Session (agent session)

The persistent state of a running coding agent — its conversation history and process — kept in the Worker’s local database so the agent survives browser reloads, Worker reconnects, and restarts. Reopening the agent’s tab reattaches to the same session. (Distinct from a user login session in Accounts & Authentication.) See Coding Agents.

Solo mode

The single-user, all-in-one mode (leapmux solo) that runs a Hub and a Worker in one process on 127.0.0.1:4327 with no authentication — every request is auto-authenticated as the admin. It is the easiest way to run LeapMux locally, but its security reduces to local-host trust: any local process that can reach the port has full access. Binding it to a non-loopback address triggers a warning. Contrast with distributed mode. See Running LeapMux and Security & Threat Model.

T

Tab

A single piece of content inside a tile. There are three kinds: Agent (a coding-agent chat), Terminal (a shell/PTY), and File (a file viewer or diff). You open tabs from the tab bar, rename non-file tabs by double-clicking, close them with the X or a middle-click, and drag them between tiles and workspaces. See Tabs & Layout.
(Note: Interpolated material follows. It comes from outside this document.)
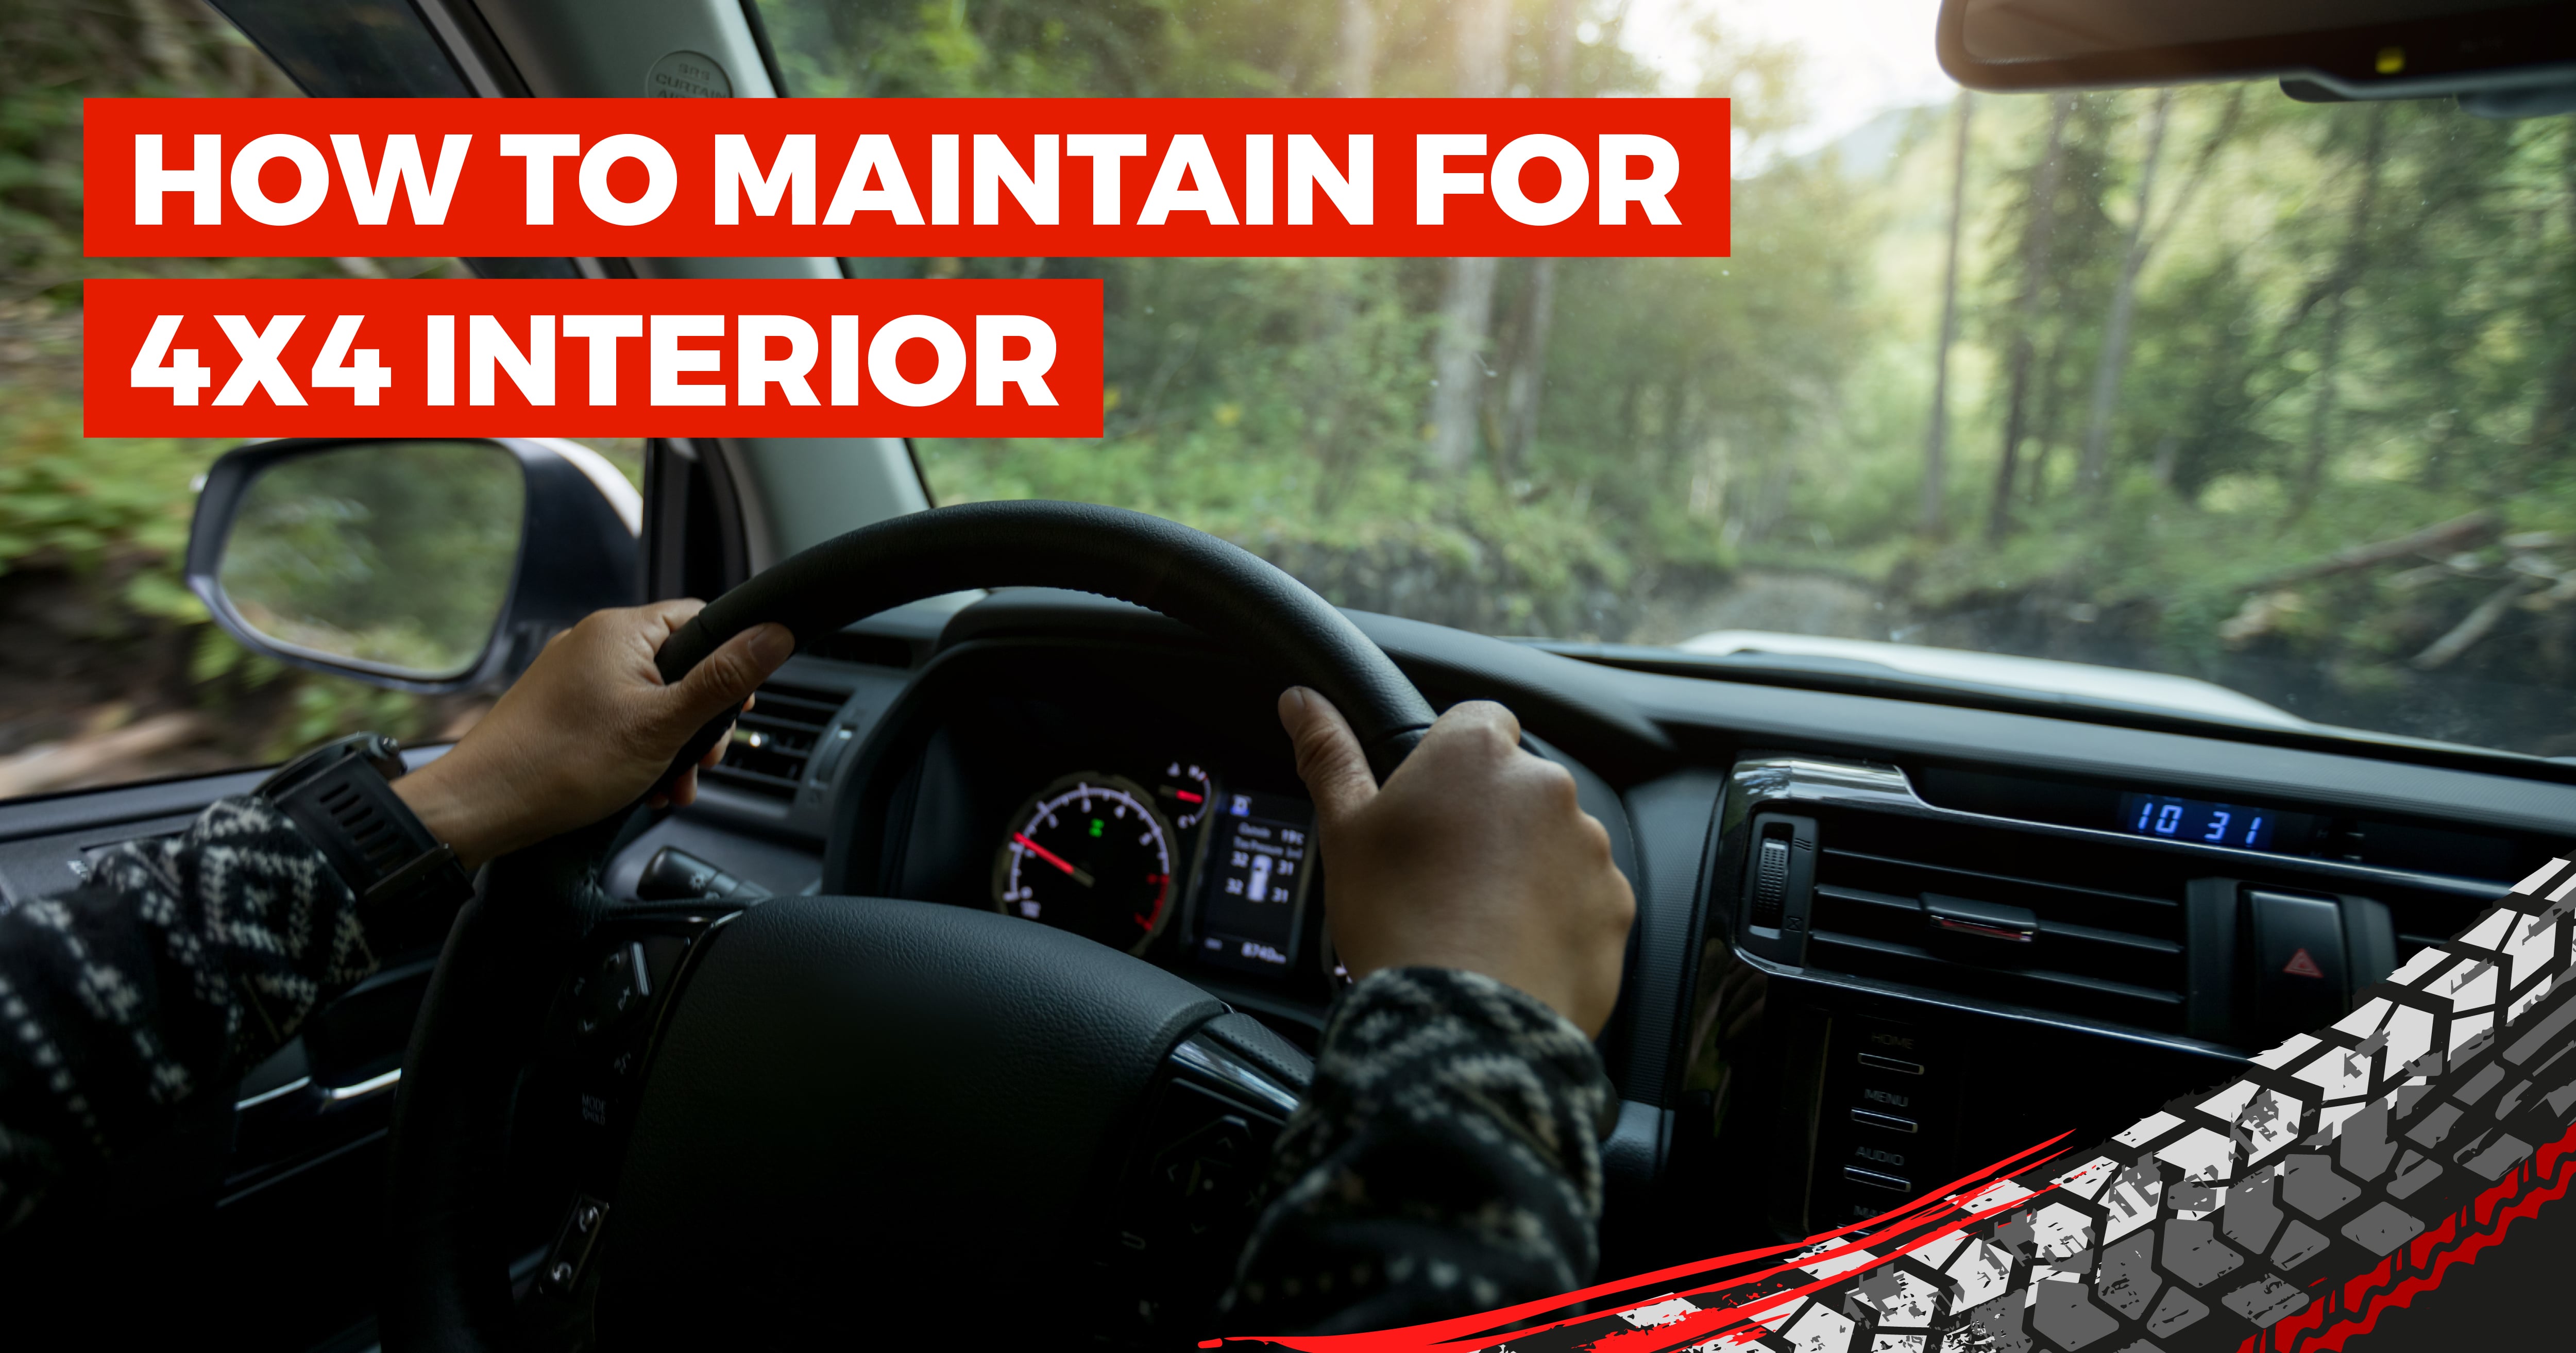 How To Maintain Your 4x4 Interior

Tile (leaf / split / grid)

A rectangular pane in the workspace’s recursive tiling layout. A leaf tile is a single pane that shows a tab bar plus its active tab’s content. A leaf can become a split (two side-by-side or stacked panes) or a grid (a rows × cols matrix); both nest, with draggable resize handles between panes and a depth cap of 3 in the main layout. The workspace’s last remaining tile cannot be closed. See Tabs & Layout.

TOFU (trust on first use)

The pinning scheme that protects Worker identity. On the first connection to a Worker the Frontend records the Worker’s composite static public key, and rejects any later handshake whose key differs — so a compromised Hub cannot silently swap a Worker underneath you. A mismatch raises the “Worker public key changed” dialog showing 4-word fingerprints, where you must explicitly Accept or Reject. CLI and cross-Worker connections pin the same way. See Managing Workers and Security & Threat Model.

W

Worker

A long-running daemon (leapmux worker) that runs on a developer machine and hosts agents, terminals, and file access for a workspace. A Worker dials the Hub outbound (so it works behind NAT with no inbound ports), registers with a registration key, and keeps agent and terminal state in its own local database. Its online/offline status reflects whether it currently holds a live connection to the Hub. See Managing Workers and Running LeapMux.

Workspace

A named container for one tiling layout of tabs, owned by its creator and belonging to an organization. Workspaces appear in the sidebar tree, persist their layout (CRDT-synced through the Hub), and can be shared with specific org members. Each workspace’s tabs run agents and terminals on a Worker you pick. See Workspaces.

Worktree

A separate working directory of a git repository, on its own branch, that an agent or terminal runs in — so several agents can work the same repo on different branches without clobbering each other’s files. You can open a tab in a new or existing worktree and create, switch, or push branches at open time; closing the last tab tied to a worktree raises a “Close last tab” dialog with dirty-worktree protection. See Worktrees & Branches.